> **Exercise goal**:
Copy the listing as it is written, and leave each picture out.
*** Opening Supplied data ***
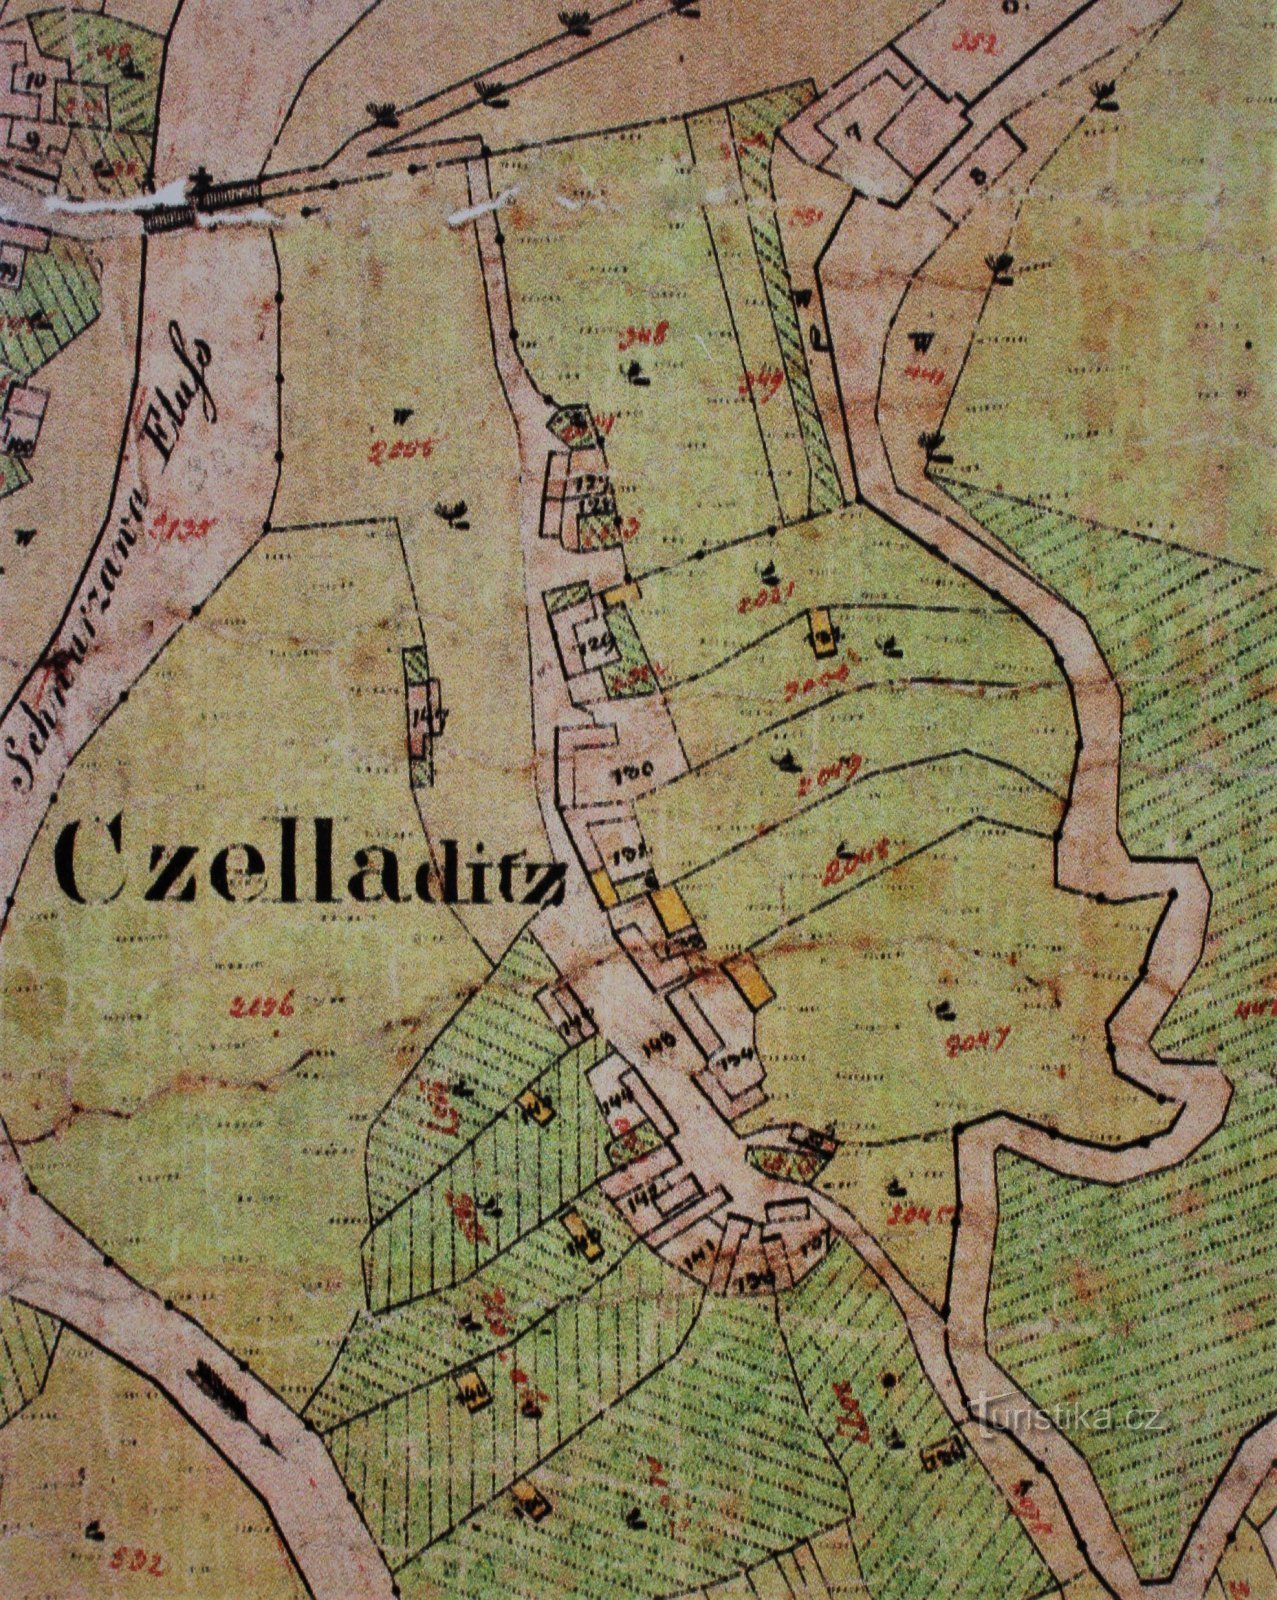 Čeladice térképe 1825-ből (az információs tábláról készült)
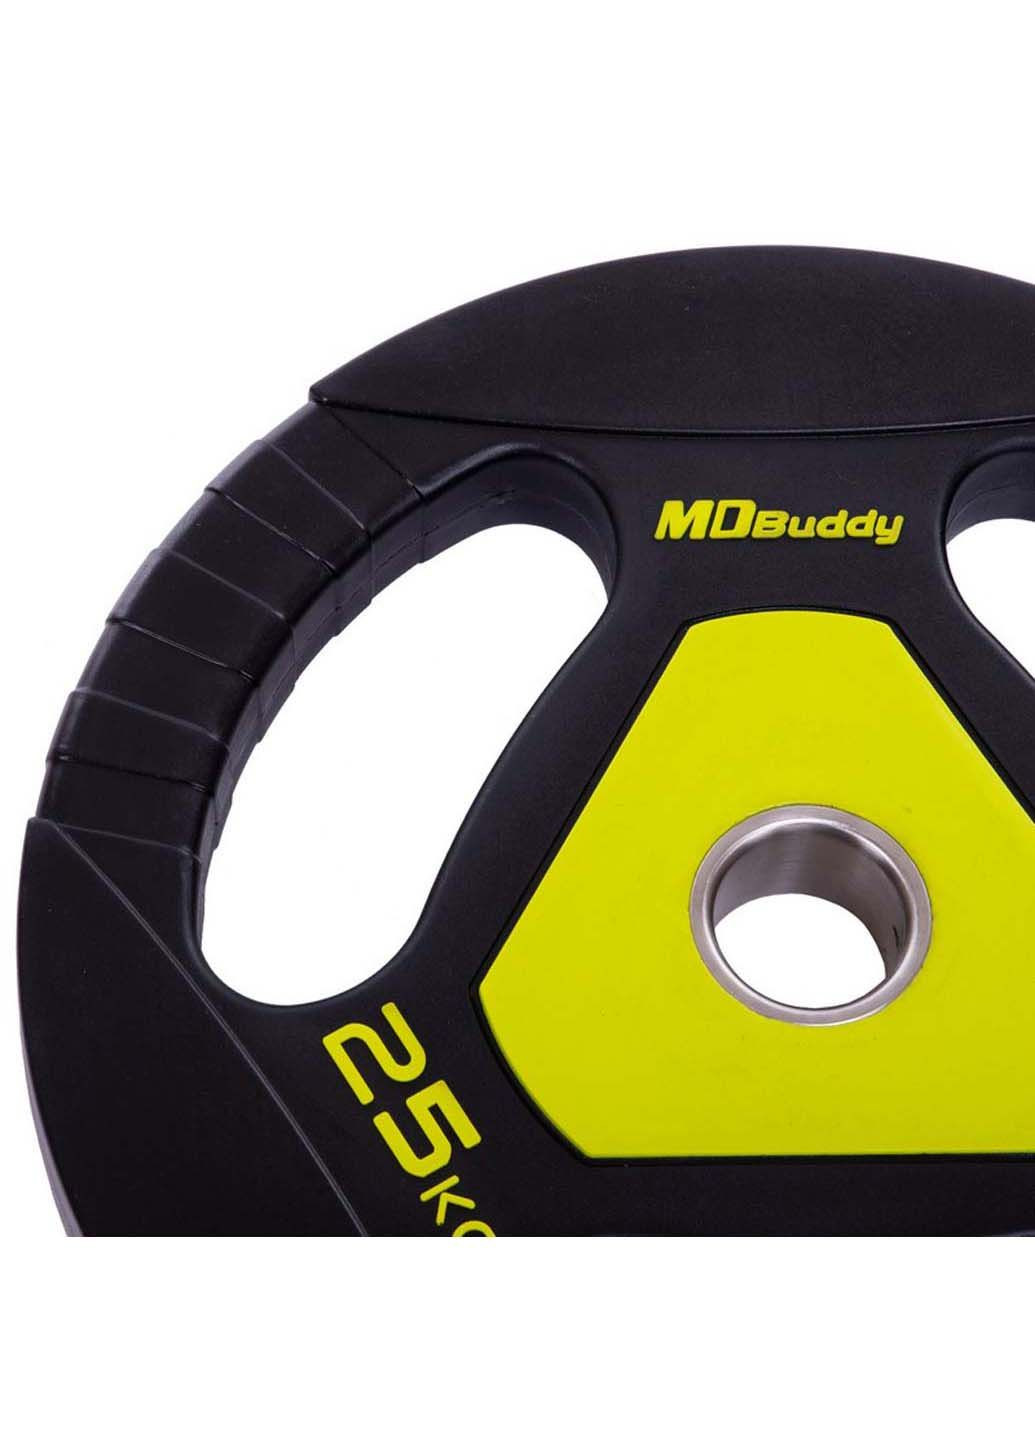 Млинці диски поліуретанові TA-2677 25 кг MDbuddy (286043687)
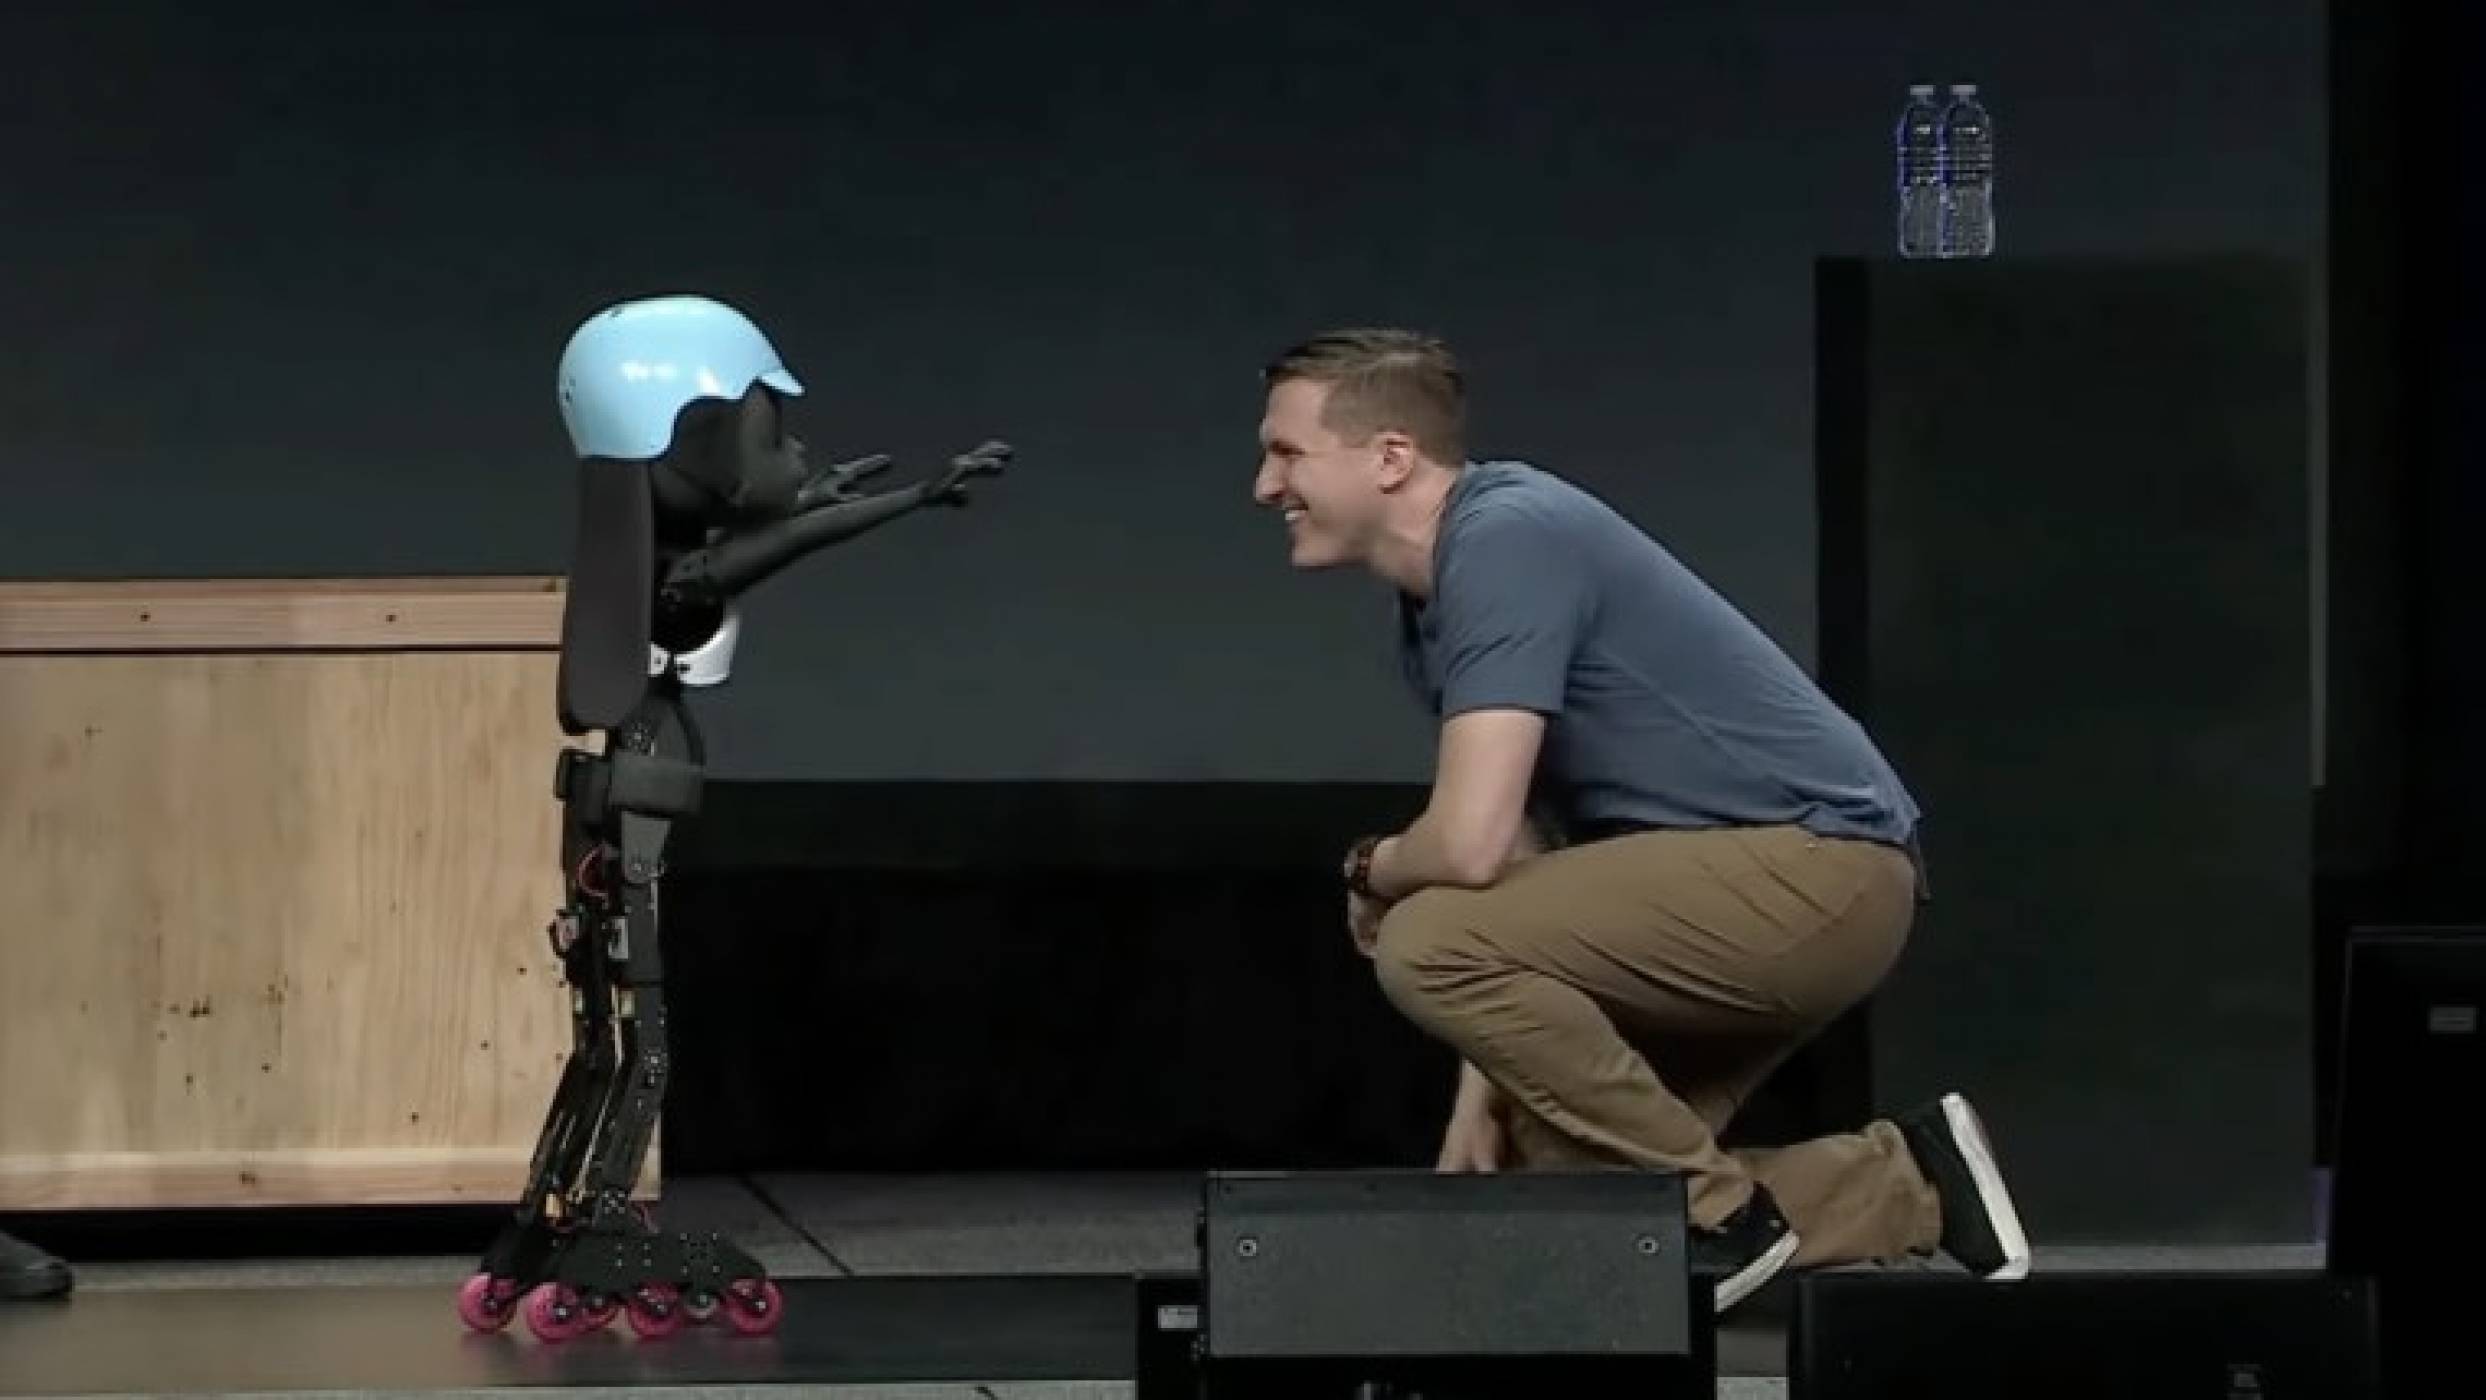 Вижте новия робот на Disney, който прави салто и се забавлява на сцената (ВИДЕО)
*** Closing Supplied data ***
> **Exercise solution**:
 Čeladice térképe 1825-ből (az információs tábláról készült)
 Млинці диски поліуретанові TA-2677 25 кг MDbuddy (286043687)
 Вижте новия робот на Disney, който прави салто и се забавлява на сцената (ВИДЕО)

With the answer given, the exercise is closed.